Advice here are a few good rules that should help those just getting their feet wet with Internet dating and also those who may have been using a service but haven’t gotten the kind of results they’d hoped for.
⦁ All Internet dating sites are not created equal. Just like bars or clubs, different sites tend to attract different types of people, but that isn’t often obvious until you’ve read a number of profiles.
⦁ Make sure your profile serves you well. You want your profile to reflect your best self, so invest the time to make it well written and lively. Also take the time to get a good photo of yourself. A survey commissioned by ThirdAgePersonals.com asked, “When looking at someone’s online profile, what makes you want to contact them?” Men rated a great smile, a good sense of humour, and a good figure/physique as the top three turn-ons. For women, a good sense of humour and similar taste in music, movies, books, etc. took the top two spots, with strong family values and a great smile sharing third place. When it came to turn-offs, both men and women listed people looking to cheat, negative attitudes, couch potatoes and poor spelling or grammar as the worst offenses. And regarding the photo, the survey found that weight matters more to men than women; tacky clothes and a bad haircut matter more to women than men.

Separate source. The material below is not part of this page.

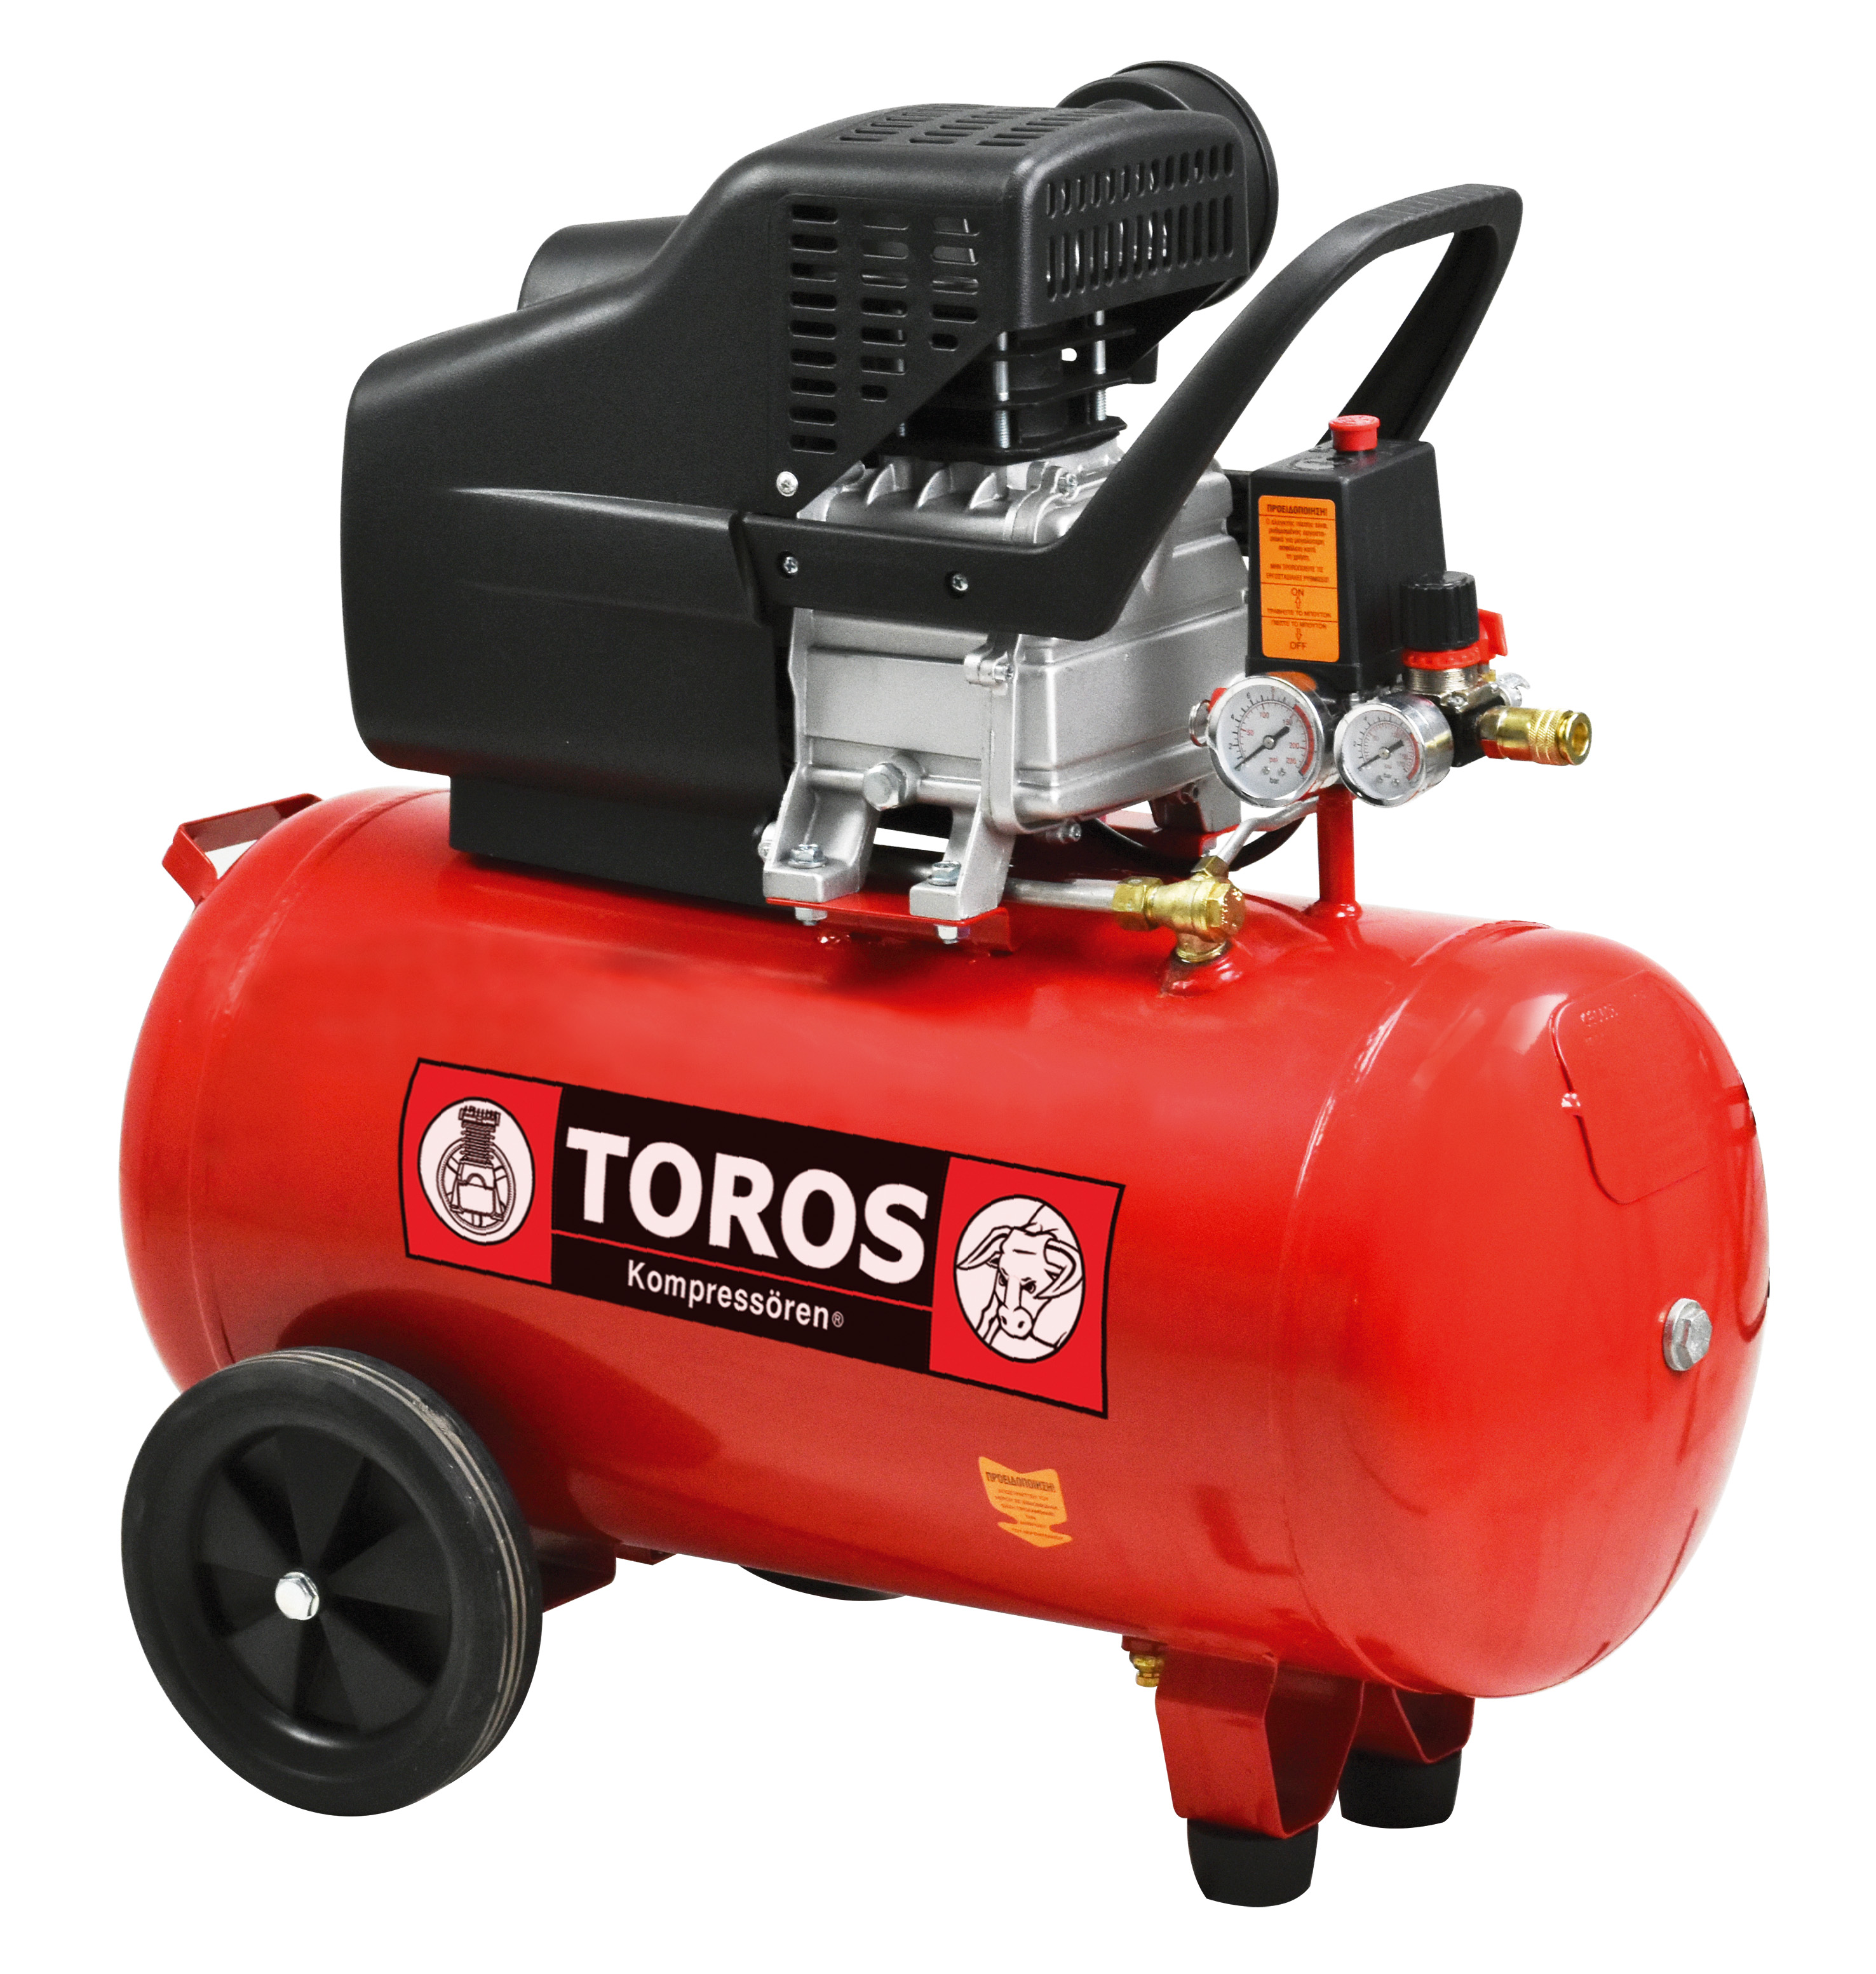 Single Block Oil Air Compressor 50Lt/2.5HP Toros

⦁ Be honest when creating your own profile, and keep your radar up when reading others’. Many, many people have told me that when they finally meet someone they’ve been writing to, they find that person misrepresented him- or herself. Men seem to be the greater culprits in this regard. One woman I spoke with spent several weeks e-mailing with a man who claimed to be 40, but when they finally met he was closer to 60. His explanation? “Younger women didn’t write to me when I put my real age.” Well, duh! When reading others’ profiles (and their e-mails, if you start to correspond), imagine you’re reading their resume. Does anything read strangely? Any mysterious gaps? Does anything just give you a funny feeling about the person? As for creating your own profile, resist the urge to punch up your image. Instead, just say who you are and what you’re looking for in life. After all, you want someone who’ll be attracted to you, not to some mythical person you’ve invented.
⦁ Save yourself from your own imagination: Make a date as soon as you decide you might like someone. Often, people will e-mail for weeks before one of them suggests a face-to-face meeting, and during that time they can build up mental images of each other that bear no resemblance to the real people. As I said above, a dr ed.com person’s appearance, body language, facial expressions and tone of voice are the real primal elements of attraction, not whether your taste in movies and books match. So, when you meet someone online and feel a twinge of attraction, act. Ask the person for a drink or coffee, or to dinner if you’ve developed a particularly good connection. Consider this part of the first simple rule I’ve written about before: “Arrange dinner or an outing once a week.” (Caveat: Because Internet dates are essentially blind dates, but without common friends who could vouch for the other person, it’s wise to err on the side of caution, especially if you’re a woman. Arrange your first encounter at a public place like a cafe, and don’t accept a lift home until you’ve gotten to know the person well.)
⦁ Don’t fall into window-shopper syndrome. When you do a search and find 800 possible matches, it’s very easy to start collecting people in your favourite’s folder, then end up never writing to any of them. Be bold: When you see someone whom you think you’d like to meet, write to him or her immediately. All it takes is a few sentences, because they’ll be able to read your online profile to get the bigger picture. And remember, not everyone you write to will write back, just as you probably won’t respond to everyone who writes to you. As in the real world, your odds of meeting people improve the more you put yourself out there.
⦁ Practice discretion. Don’t reveal your full name, phone number or address in the early stages of a relationship. Do not give out your personal email address.
⦁ BE PERSISTENT! BE PATIENT! BE PERSISTENT! BE PATIENT! It takes time!